- Born: January 23, 1924 New York, New York
- Died: July 15, 2004 (aged 80) New York, New York
- Known for: Artist, Educator
- Website: alblaustein.com

= Al Blaustein =

American artist (1924–2004)

Alfred H. Blaustein (1924-2004) was an American painter and printmaker.

==Biography==
Blaustein was born on January 23, 1924, in New York City, where he attended the High School of Music & Art He served in the United States Air Force for three years during World War II. Blaustein went on to study at Cooper Union and the Skowhegan School of Painting and Sculpture.

Blaustein started his artistic career working for magazines including Fortune, Life, Natural History, and The Reporter.

Blaustein taught from 1949 through 2004, first at the Albright Art School, then at Yale University. He taught at the Pratt Institute for 45 years from 1959 through 2004. At Pratt he served, for a time, as Chairman of Printmaking.

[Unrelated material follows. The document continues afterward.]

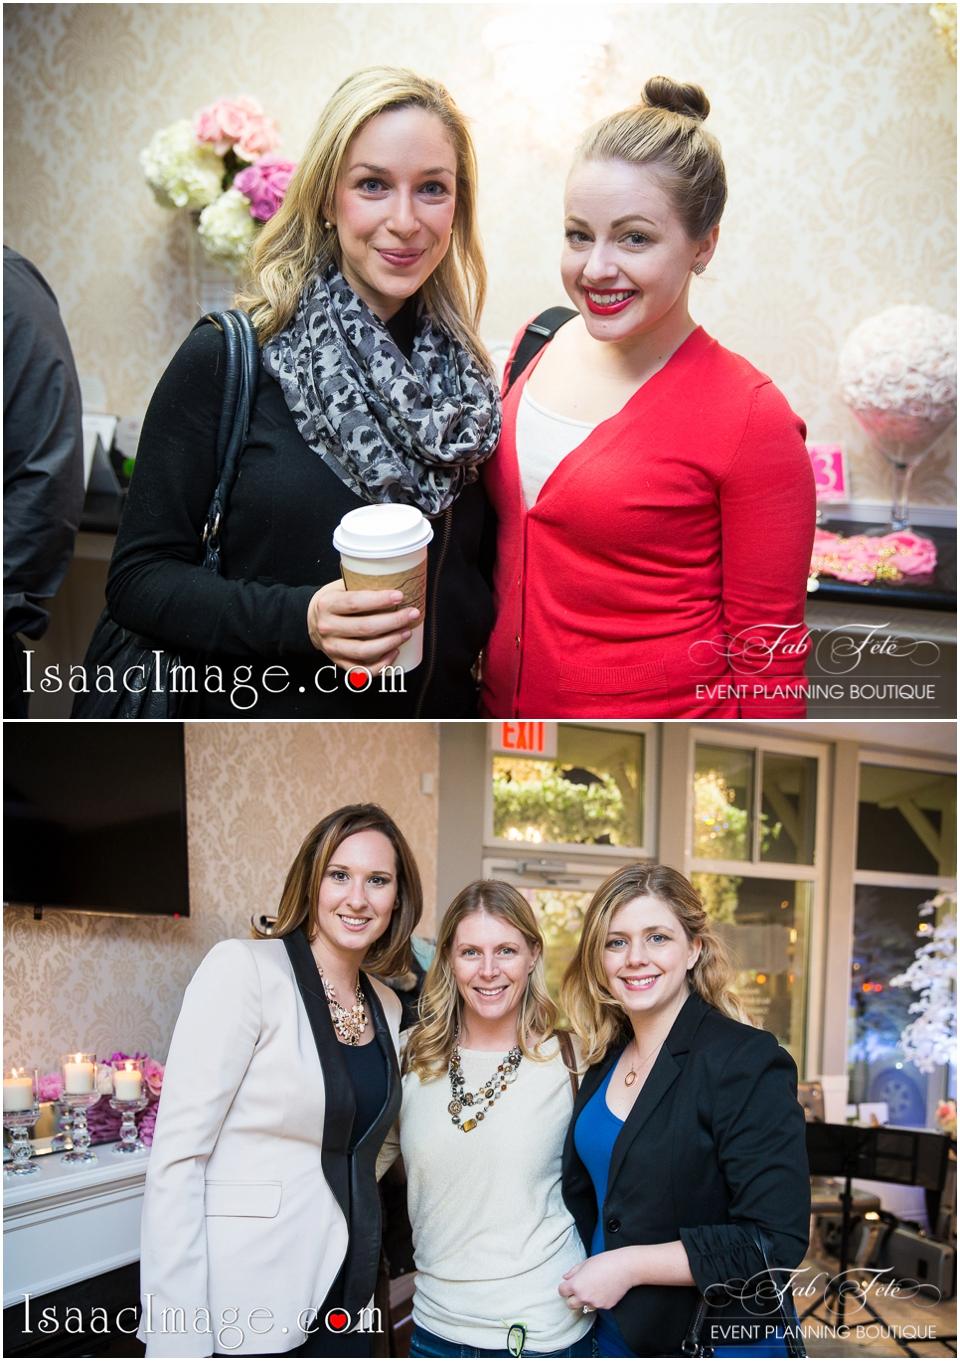 Fab Fete Toronto Wedding Event Planning Boutique open house_6496.jpg
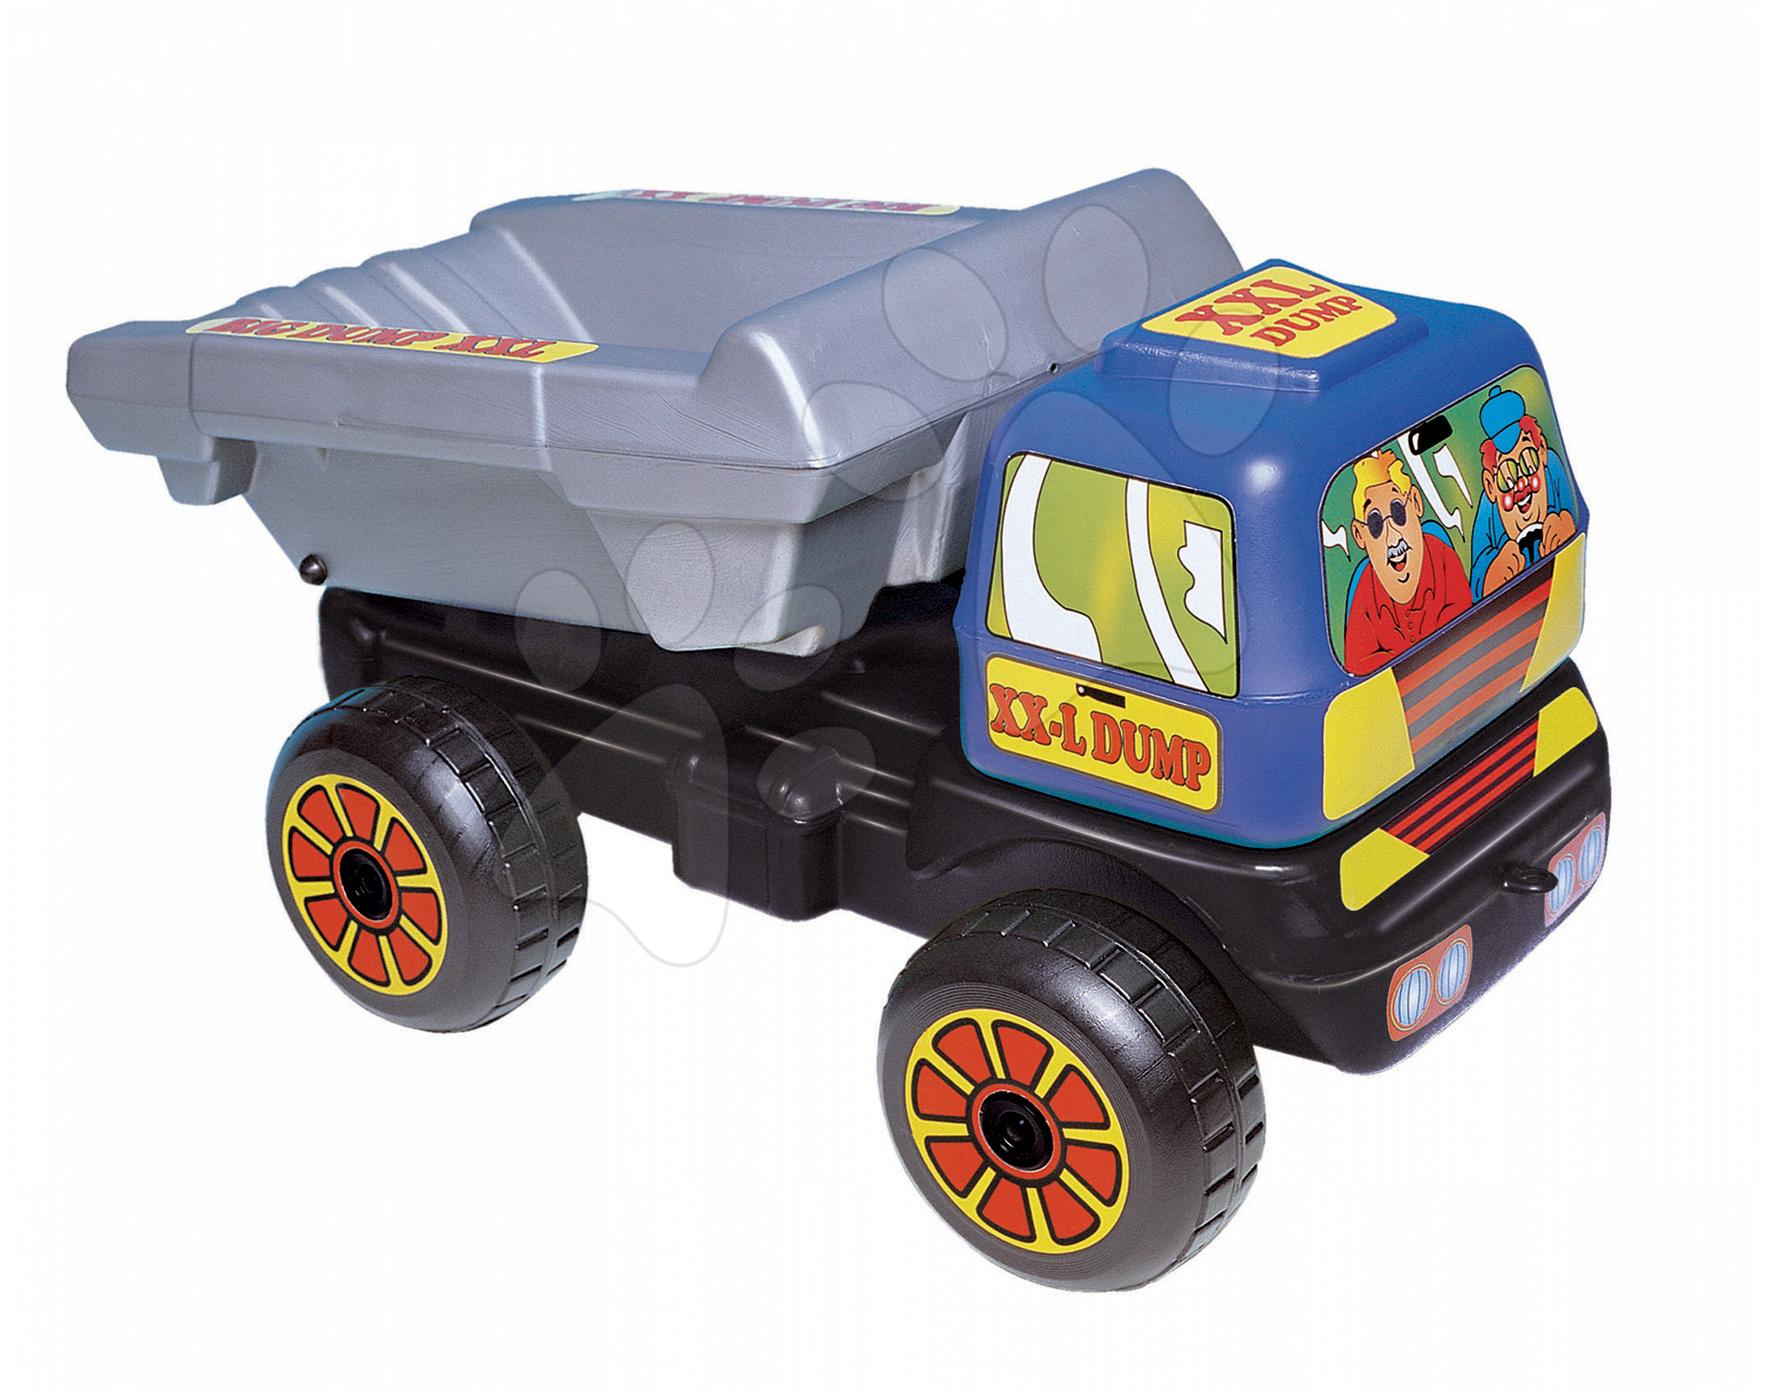 Tovornjaki - Prekucnik XXL Dohány z dvojno steno dolžina 78 cm

He was the recipient of fellowships from the Guggenheim Foundation in 1958 and 1961. He was also the recipient of the Prix de Rome. His work is in the collections of the Art Institute of Chicago, the Smithsonian American Art Museum, the National Gallery of Art and the Metropolitan Museum of Art

Blaustein married Lotte Heilbrunn on 13 May 1949. They had a son Marc. Both Lotte and Marc were graphic designers.
Blaustein died in New York City on July 15, 2004. A collection of his works and papers is at Rutgers University in the Special Collections and University Archives.